In news that should be music to the ears of many of you who’ve been anxiously awaiting an opportunity to finally see director Biyi Bandele’s adaptation of Chimamanda Ngozi Adichie’s award-winning novel “Half of a Yellow Sun,” and STILL haven’t seen it (despite a limited theatrical release, and a DVD release last summer), if you have a Netflix streaming account (or have been waiting for it to get to that platform), you can now watch the film there.
It became available just yesterday.
Produced by Andrea Calderwood (“The Last King of Scotland” and “The Constant Gardener”), “Half of a Yellow Sun” first premiered at the 2013 Toronto International Film Festival. The film follows two glamorous twins, Olanna (Thandie Newton) and Kainene (Anika Noni Rose), from a wealthy Nigerian family, who upon returning to a privileged city life in newly independent 1960s Nigeria after their expensive English education, take very different life paths. Olanna shocks her family by going to live with her lover, the “revolutionary professor” Odenigbo (Chiwetel Ejiofor) and his devoted houseboy Ugwu (John Boyega) in the dusty university town of Nsukka; Kainene turns out to be a fiercely successful businesswoman when she takes over the family interests, and surprises even herself when she falls in love with Richard (Joseph Mawle), an English writer.

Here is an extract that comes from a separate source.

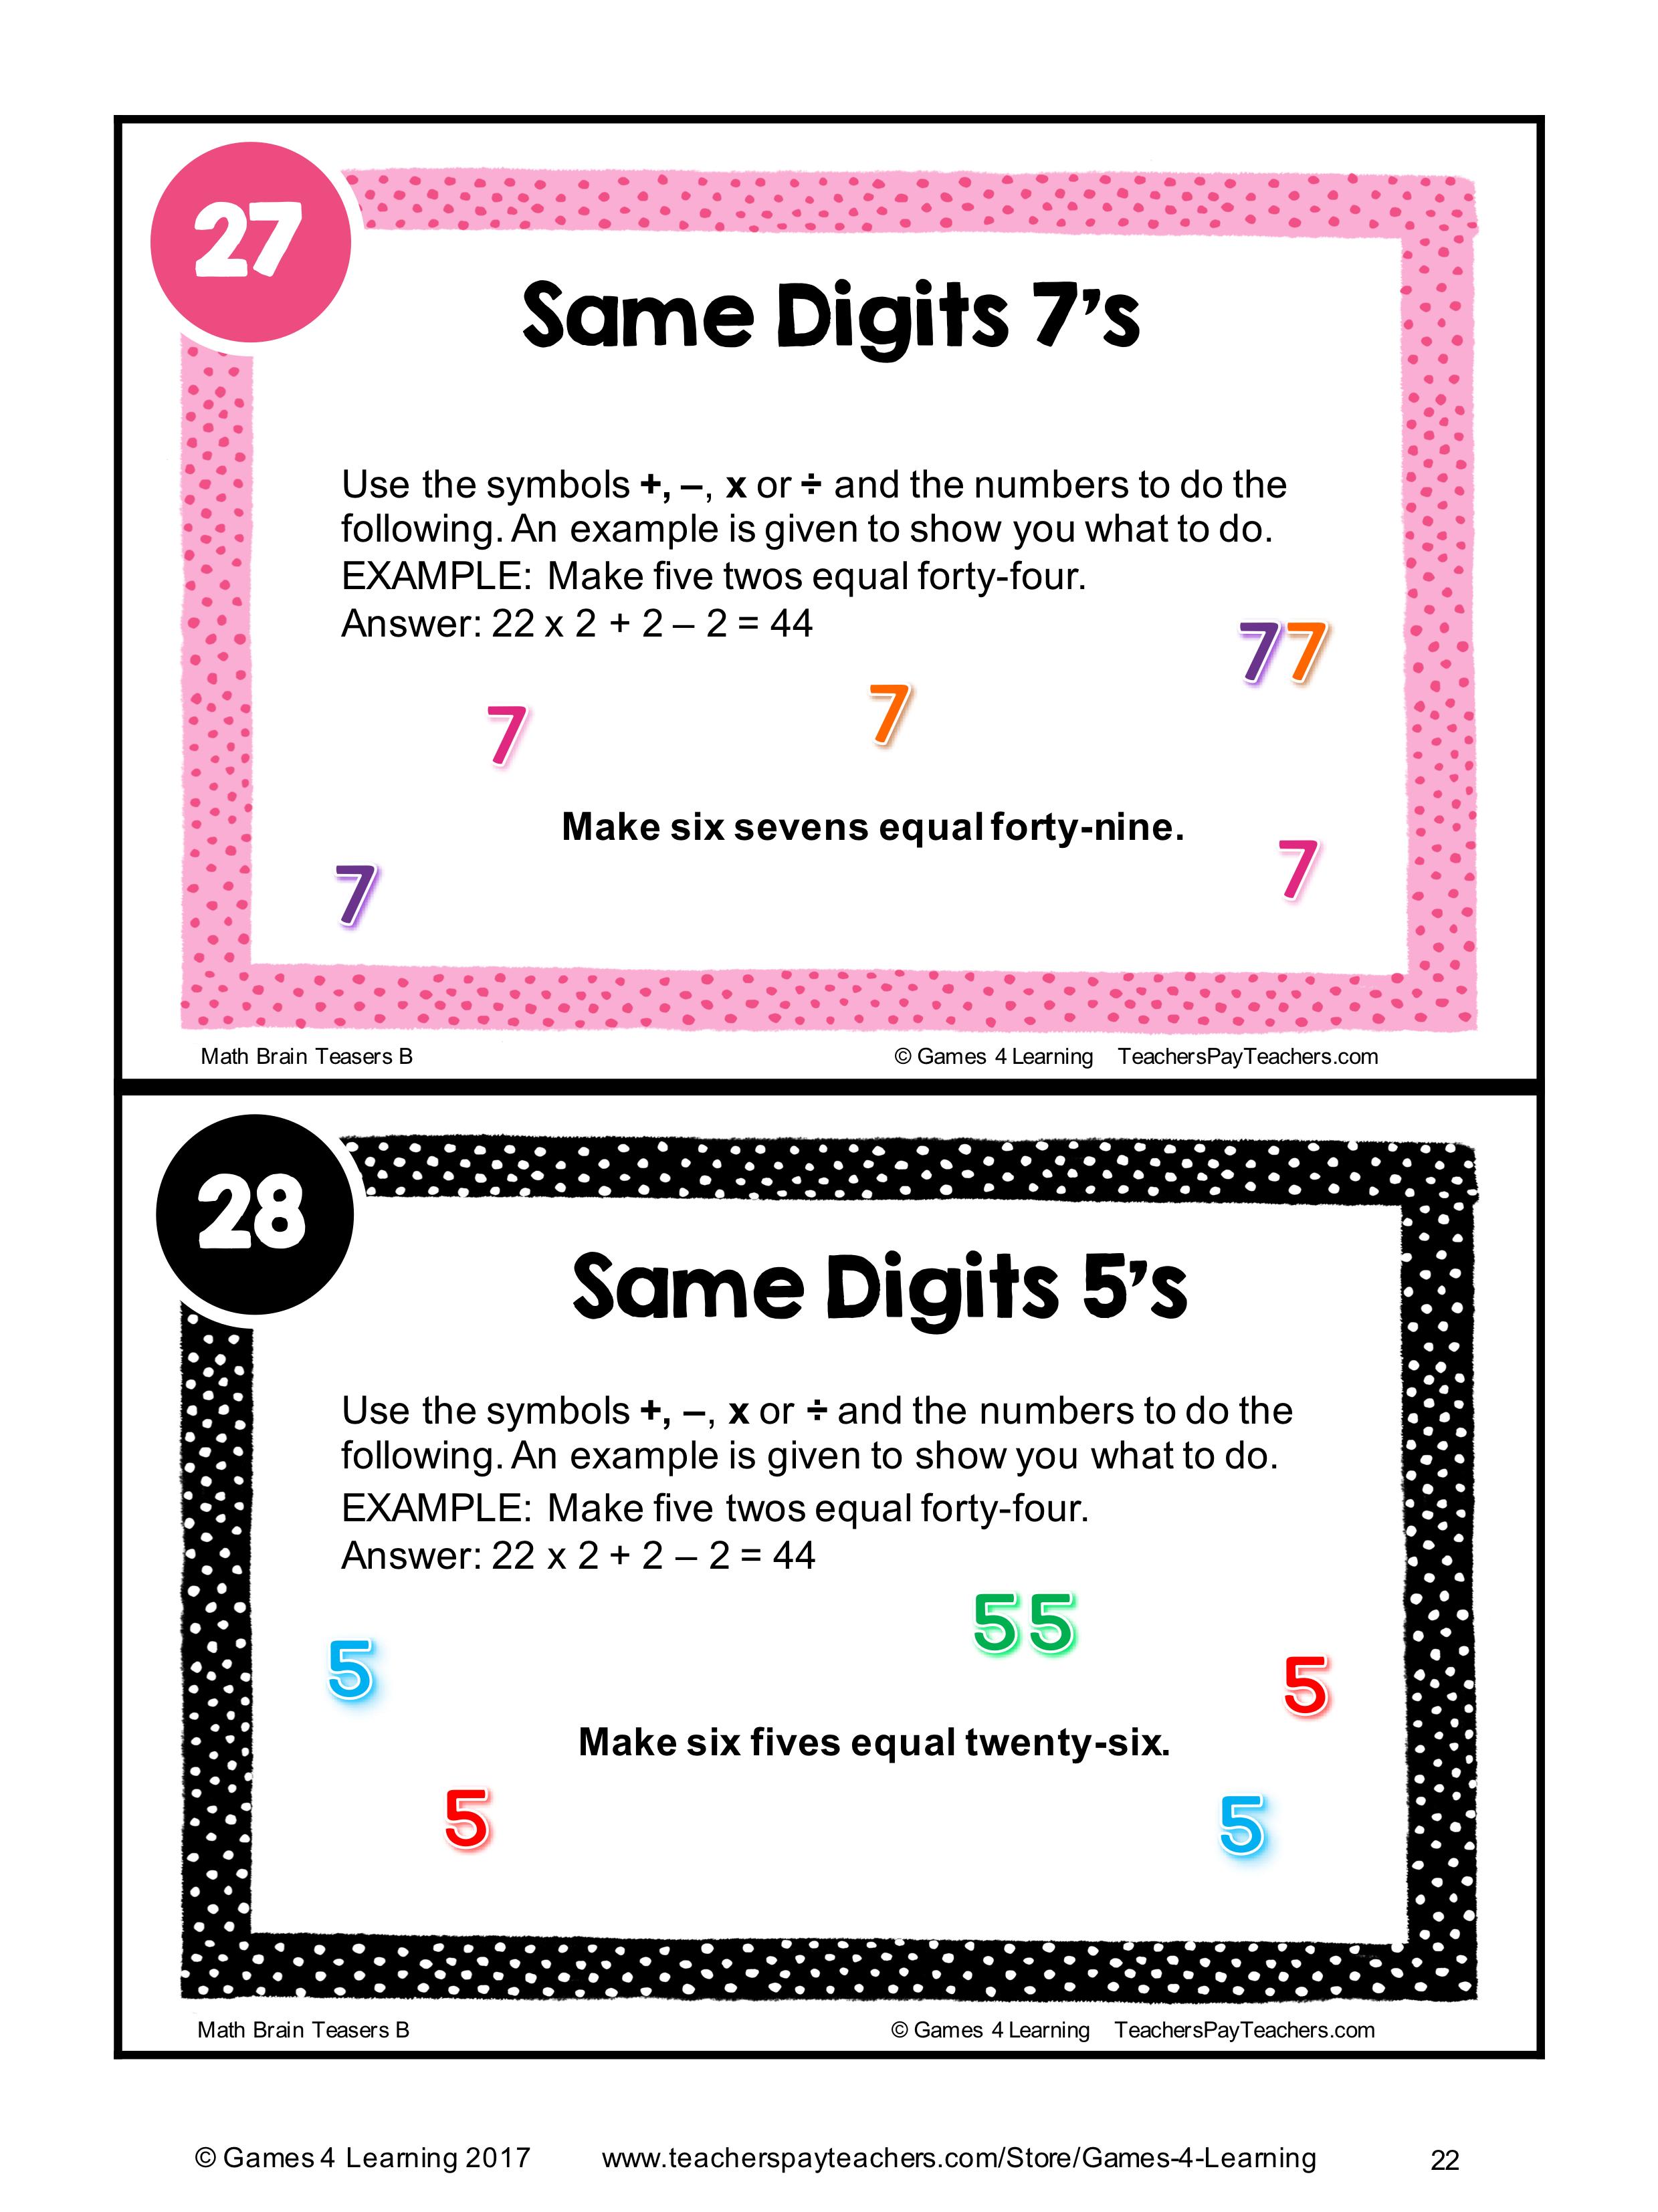 Math Task Cards Math Problems And Math Brain Teasers Cards Set B

Preoccupied by their romantic entanglements, and a betrayal between the sisters, the events of their life seem to loom larger than politics. However, they become caught up in the events of the Nigerian civil war, in which the lgbo people fought an impassioned struggle to establish Biafra as an independent republic.

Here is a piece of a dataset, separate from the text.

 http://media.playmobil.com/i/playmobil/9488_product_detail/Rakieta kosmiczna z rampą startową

I did see the film last year, and, in short, while I appreciated the effort to tell this particular story, as well as the film’s visual flare, I was underwhelmed with Bandele’s overall direction of the story. I felt that, with such a strong cast, and source material, a better film could’ve been made. But it’s still worth checking out; I’m just one voice after all; you might watch it and love it far more than I did.
“Half of a Yellow Sun” is rated R and runs 113 minutes.